[QUIZ] Sampling (#39)

Jacob Fugal · Jul 15, 2005

=20
If by definition a random sample has to be uniform over the
range/population it samples, you are correct. Although even by such
definition it's possible that the last number would be this low in a
uniform sampling, the odds are very low. And I know that my script
doesn't uniformly sample the range, as I said before. I coded it to
be fast yet still meet the letter of the requirements.

We can concede this. I still believe that the *spirit* of the
requirements was a Uniform Random Distribution.

... and neither is any algorithm that
frequently generates 999999xxx for the last several entries.

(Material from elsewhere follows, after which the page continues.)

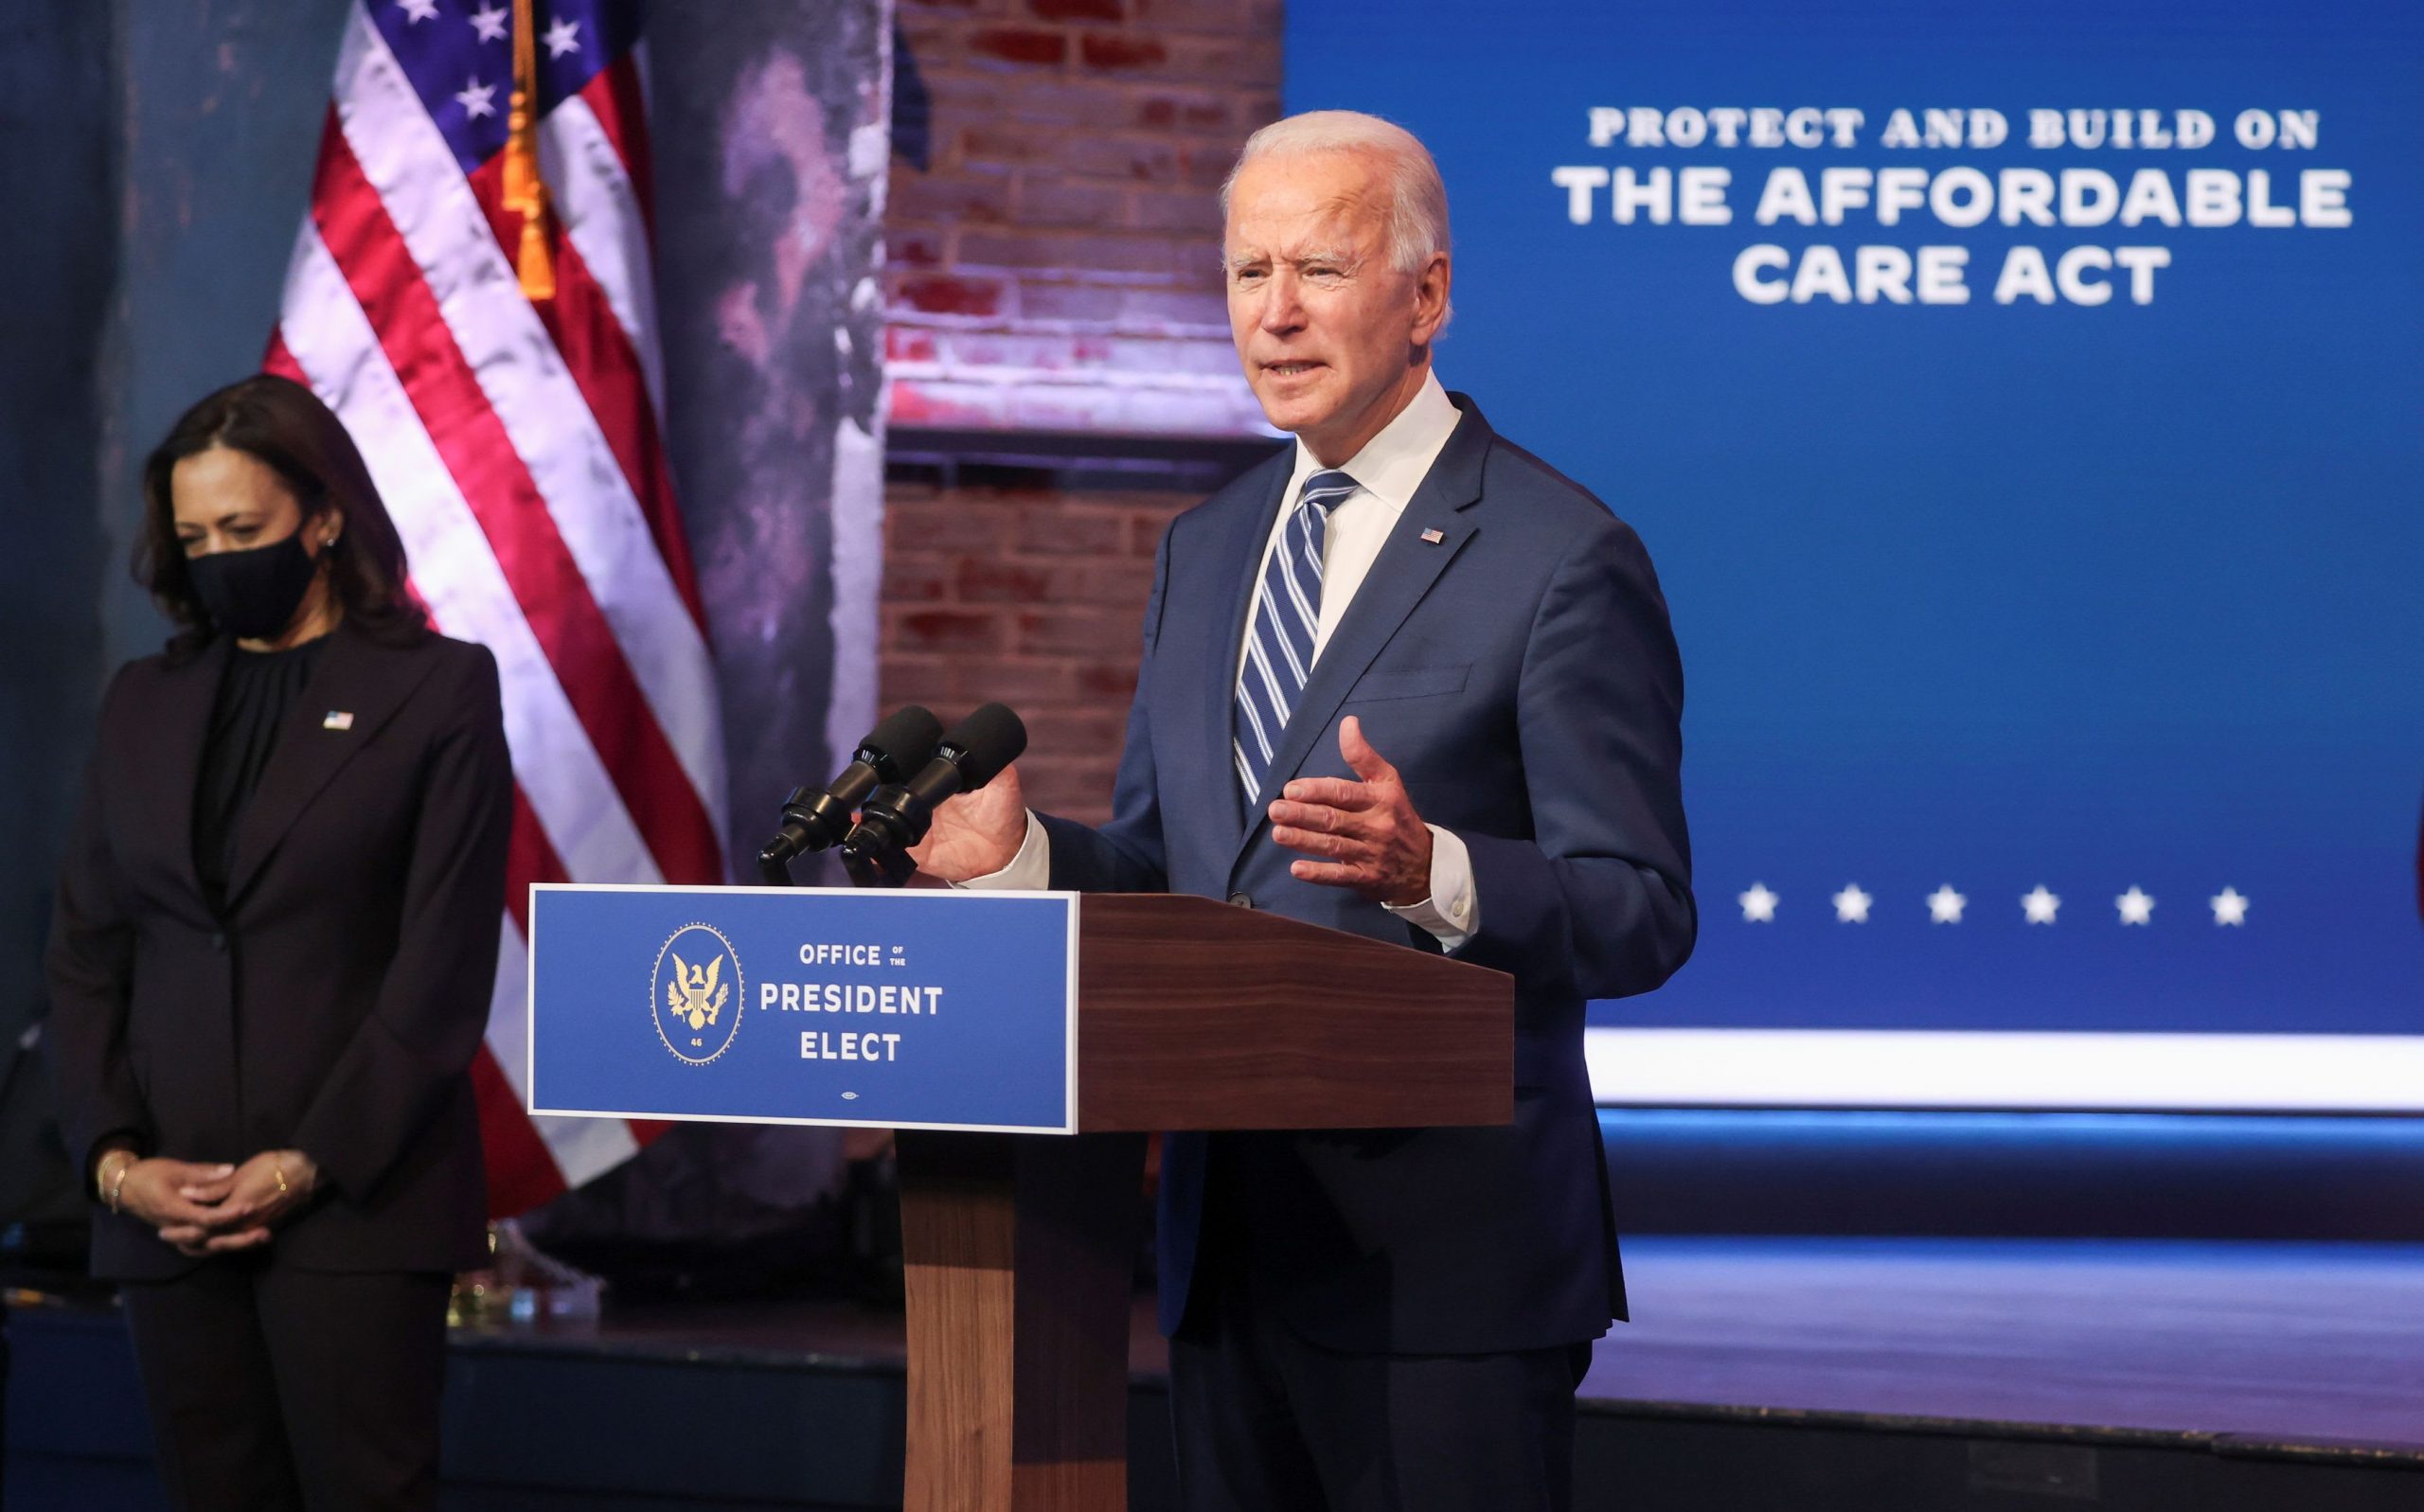 Biden says ‘this is an embarrassment’ that Trump will not accept change
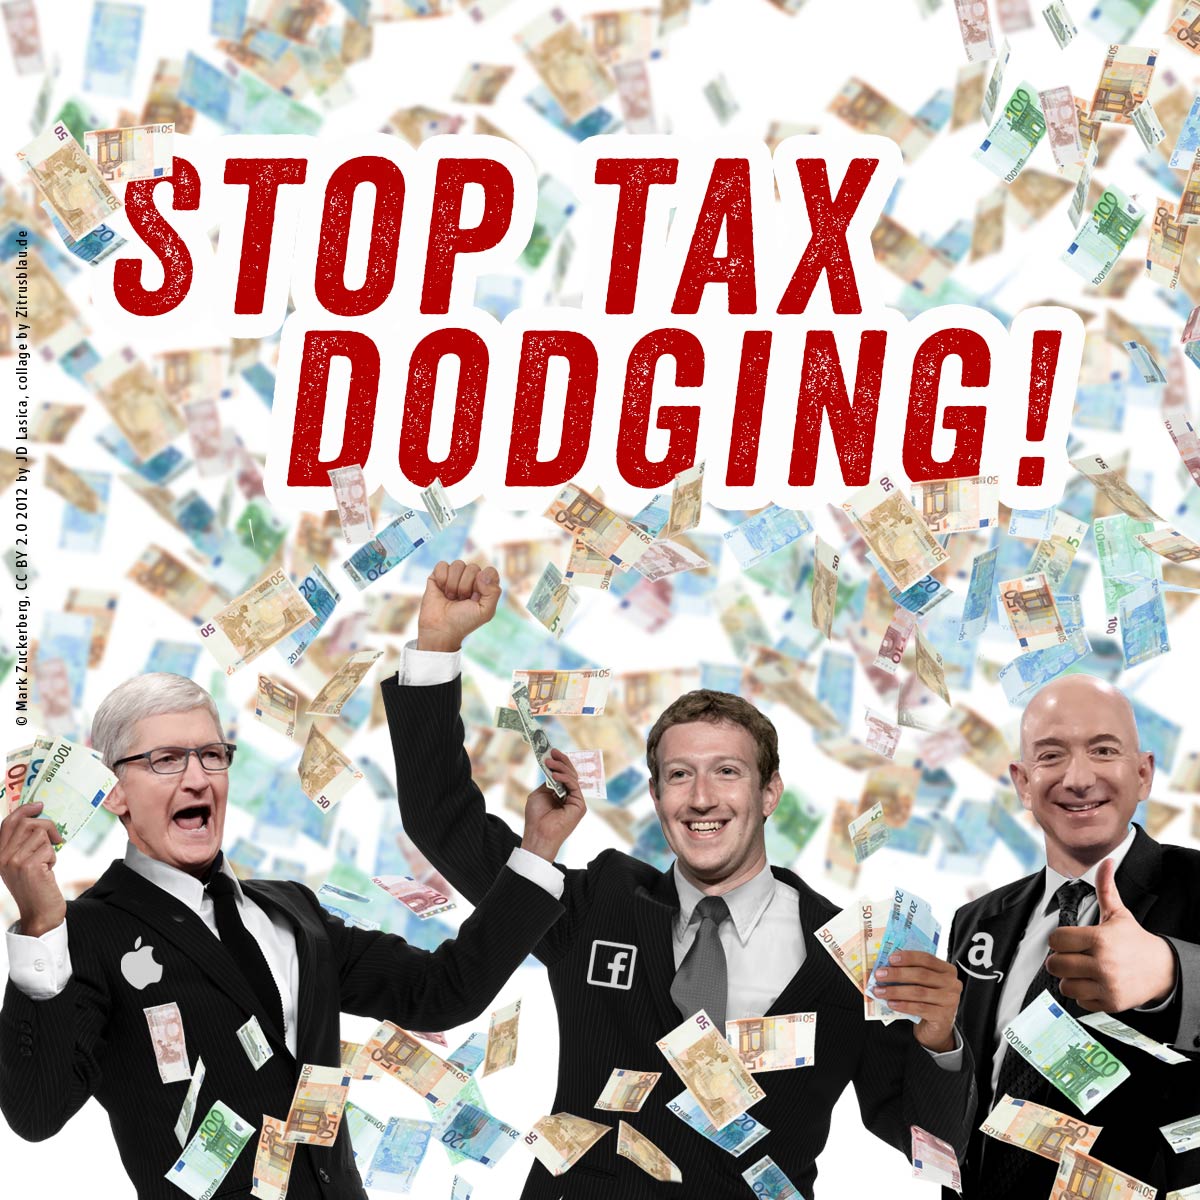 [Petition] Take action to stop corporate tax dodging

This statement I contest. I showed in my other post that the
probability the last number is 999999xxx is greater than 99%.
Expanding that calculation (I can show the work upon request) the
probability all the last ten numbers being 999999xxx is 93.5%. Getting
small enough that you'll see some 999998xxx numbers in the last ten
every now and then, but still quite likely. Chances that you'll see a
999997xxx number in the last ten: 0.05% (about once out of every 2000
trials)

Jacob Fugal

jason r tibbetts · Jul 15, 2005

Wybo said:
I'll just wait until the last and final specification comes out...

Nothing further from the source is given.